The compiler could not identify at::cuda, neither AT_CUDA_CHECK. Then, I tried to use the include

#include <ATen/cuda/CUDAContext.h>

But the compiler also complained

fatal error: cublas_v2.h: No such file or directory

Does anyone know what am I missing?

Thanks in advance.

eduardo4jesus · February 17, 2022, 8:30pm

In my case, the following snippet worked for me.
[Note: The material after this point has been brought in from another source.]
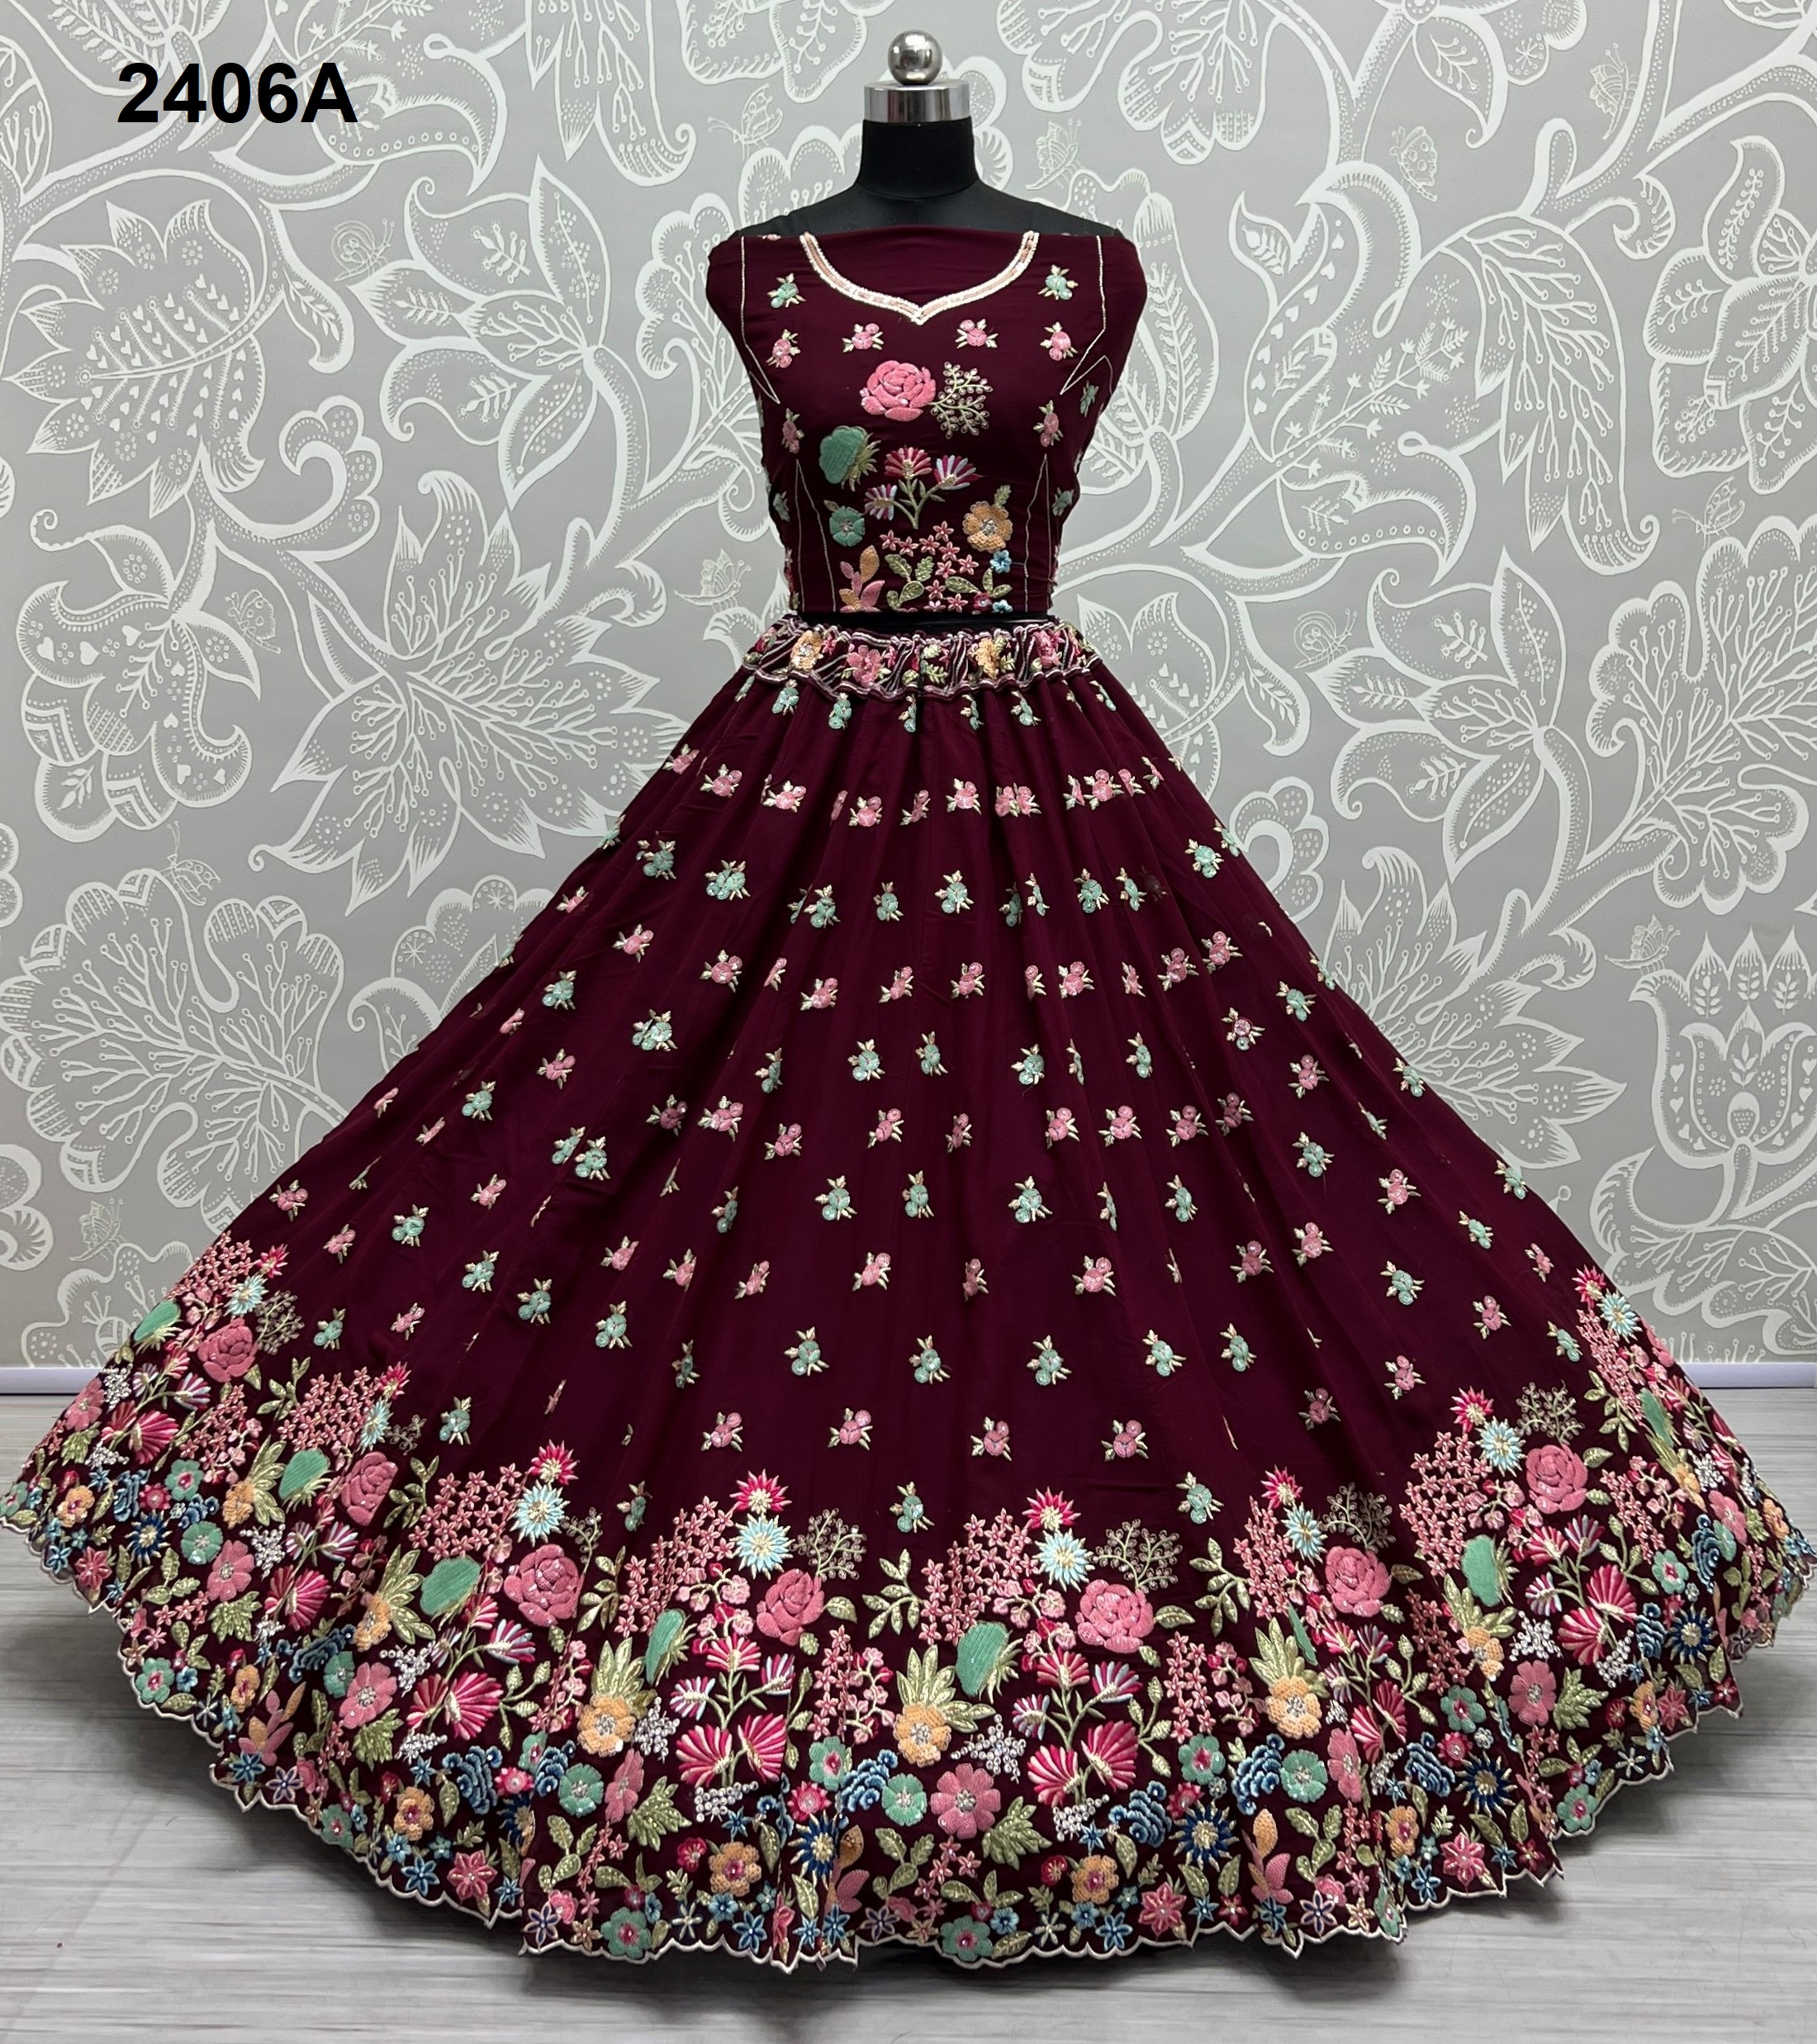 Marvellous Sequins and Fancy flower pattern Beautifully Crafted Lehenga choli in Georgette

#include <torch/extension.h>

#include <chrono>
#include <cuda.h>
#include <cuda_runtime.h>

// From https://stackoverflow.com/a/14038590/2313889
#define CUDA_CHECK(ans) { gpuAssert((ans), __FILE__, __LINE__); }
inline void gpuAssert(cudaError_t code, const char *file, int line, bool abort=true)
{
   if (code != cudaSuccess) 
   {
      fprintf(stderr,"GPU Assert Error: %s %s %d\n", cudaGetErrorString(code), file, line);
      if (abort) exit(code);
   }
}

std::vector<at::Tensor> multiplication_complex_cuda(at::Tensor x, at::Tensor h) {

    const int THREADS = 1024;
    const int B = x.size(0);
    const int F = h.size(0);
    const int C = x.size(1);
    const int H = x.size(2);
    const int W = x.size(3);
    const int PLANE_SIZE = H*W;

    const auto Z = (H*W + THREADS - 1)/THREADS;
    const dim3 GRID_SIZE(B, F, Z);

    auto out = torch::zeros(
        {B, F, H, W, 2},
        torch::TensorOptions().device(x.device().type(), x.device().index())
        );

    auto start = std::chrono::high_resolution_clock::now();

    AT_DISPATCH_FLOATING_TYPES(x.scalar_type(), "multiplication_complex_cuda",
    ([&] {
        multiplication_traditional_cuda_kernel<scalar_t><<<GRID_SIZE, THREADS>>>(
        x.packed_accessor32<scalar_t, 5, torch::RestrictPtrTraits>(),
        h.packed_accessor32<scalar_t, 5, torch::RestrictPtrTraits>(),
        out.packed_accessor32<scalar_t, 5, torch::RestrictPtrTraits>(),
        THREADS, C, W, PLANE_SIZE);
    }));

    cudaDeviceSynchronize();

    auto stop = std::chrono::high_resolution_clock::now();
    auto duration = at::zeros({1});
    duration[0] = std::chrono::duration_cast<std::chrono::nanoseconds>(stop - start).count();

    return {out, duration};
}

Though I got around the problem. I would still appreciate if someone could point what was wrong before. As you can see, I avoided the ATen functions to handle Stream. It would be handy to know how to use them.

Thank you all.